We recently encountered an issue where the opaque data flags on a gin data leaf page was corrupted while replaying a gin insert WAL record. Upon further examination of the redo code, we found a bug in ginRedoRecompress code, which extracts the WAL information and updates the page.

Specifically, when a new segment is inserted in the middle of a page, a memmove operation is performed [1] at the current point in the page to make room for the new segment. If this segment insertion is followed by delete segment actions that are yet to be processed and the total data size is very close to GinDataPageMaxDataSize, then we may move the data portion beyond the boundary causing the opaque data to be corrupted.

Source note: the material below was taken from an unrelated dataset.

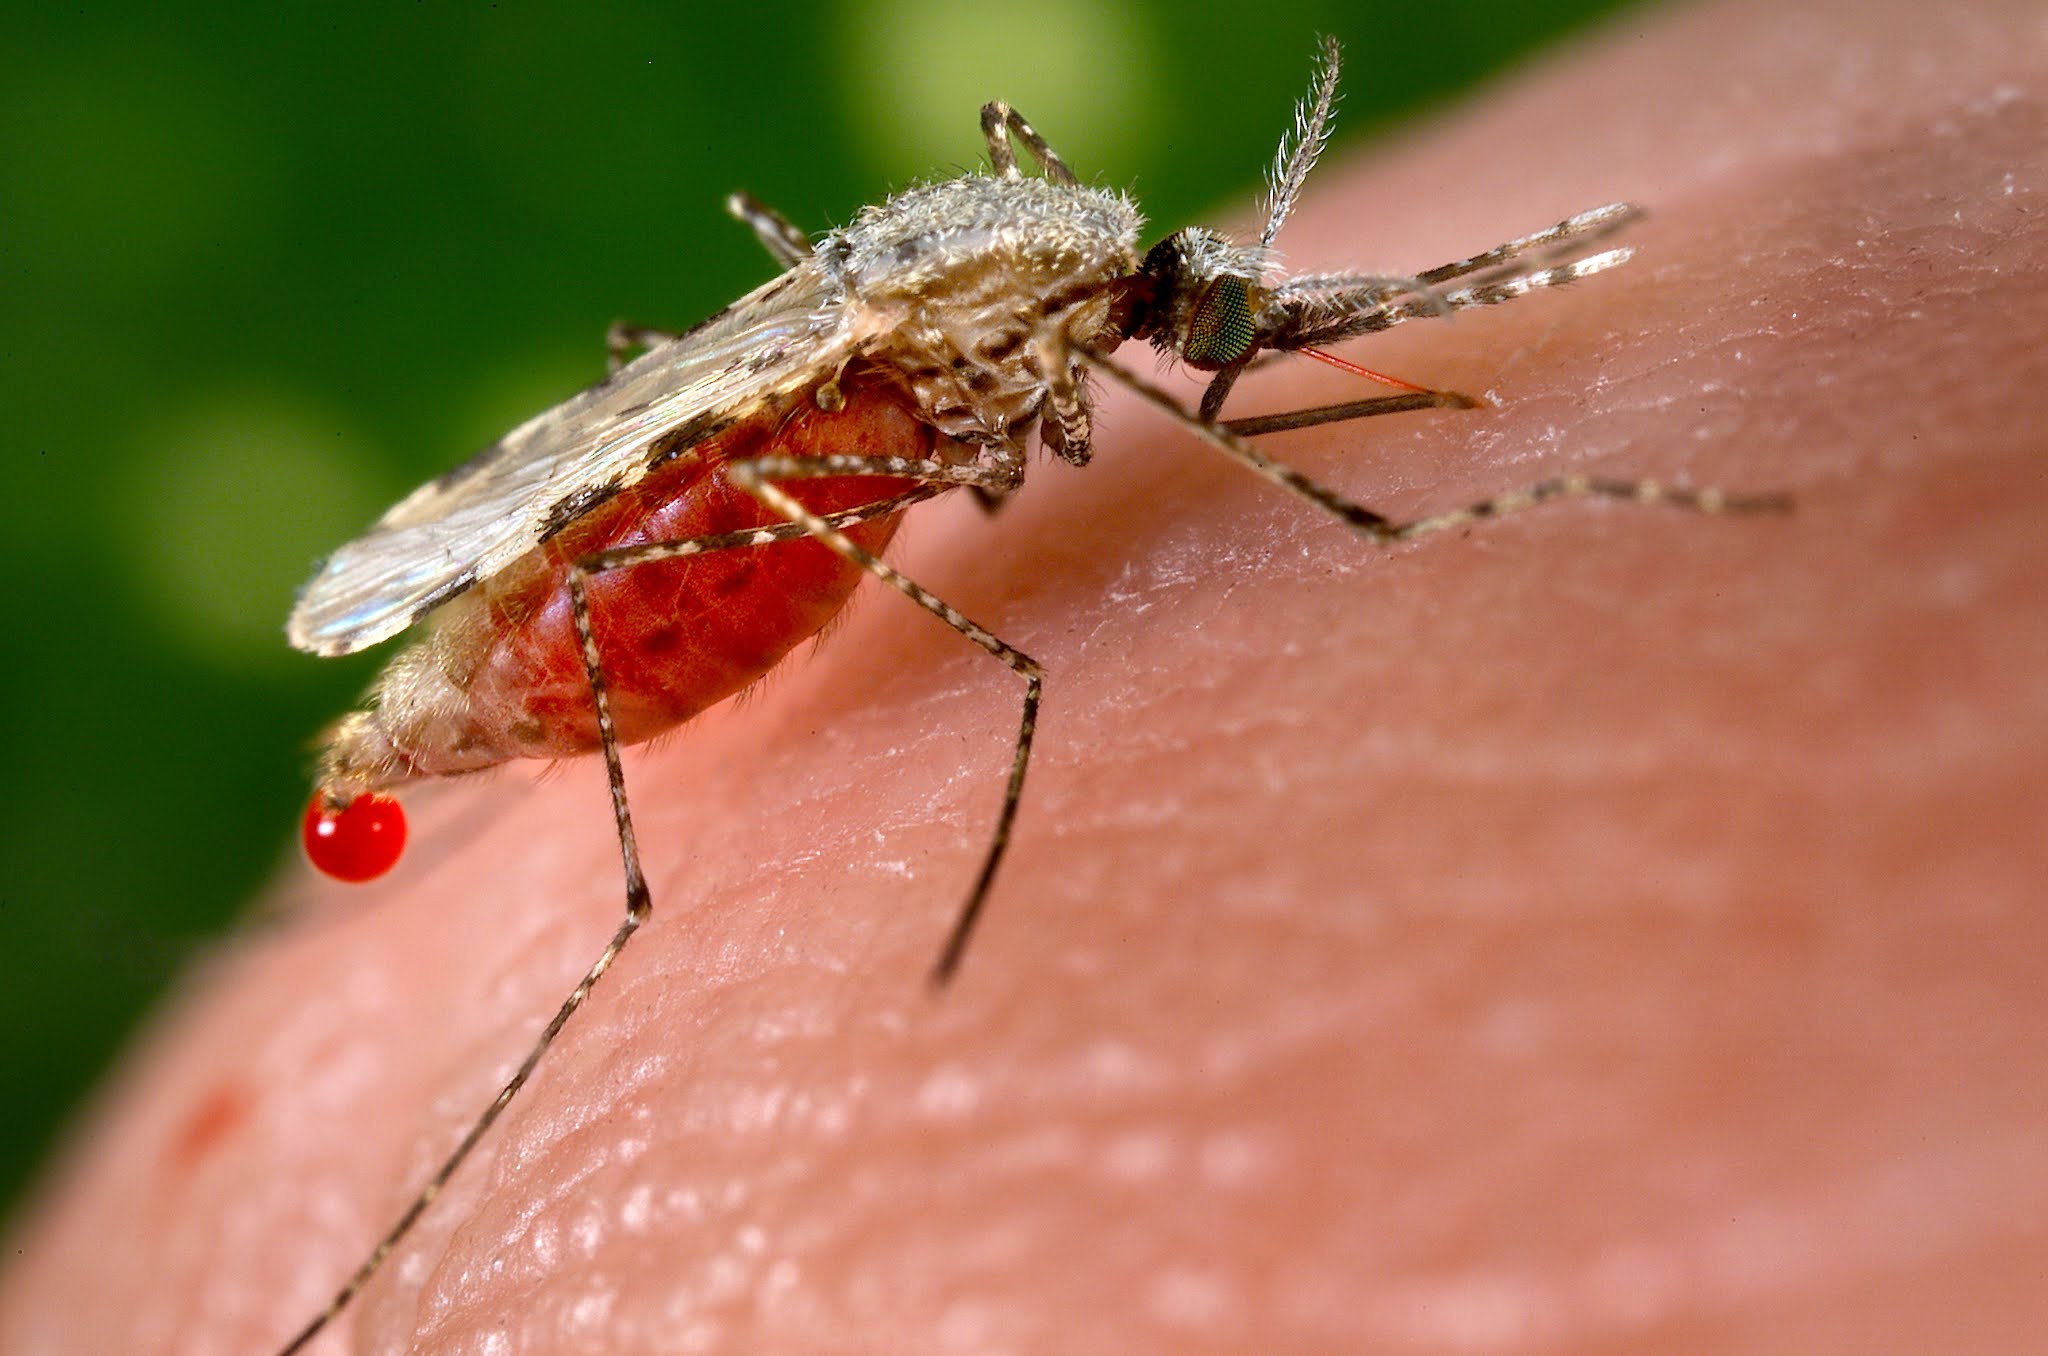 malaria prevention

One way of solving this problem is to perform the replay work on a scratch space, perform sanity check on the total size of the data portion before copying it back to the actual page. While it involves additional memory allocation and memcpy operations, it is safer and similar to the 'do' code path where we ensure to make a copy of all segment past the first modified segment before placing them back on the page [2].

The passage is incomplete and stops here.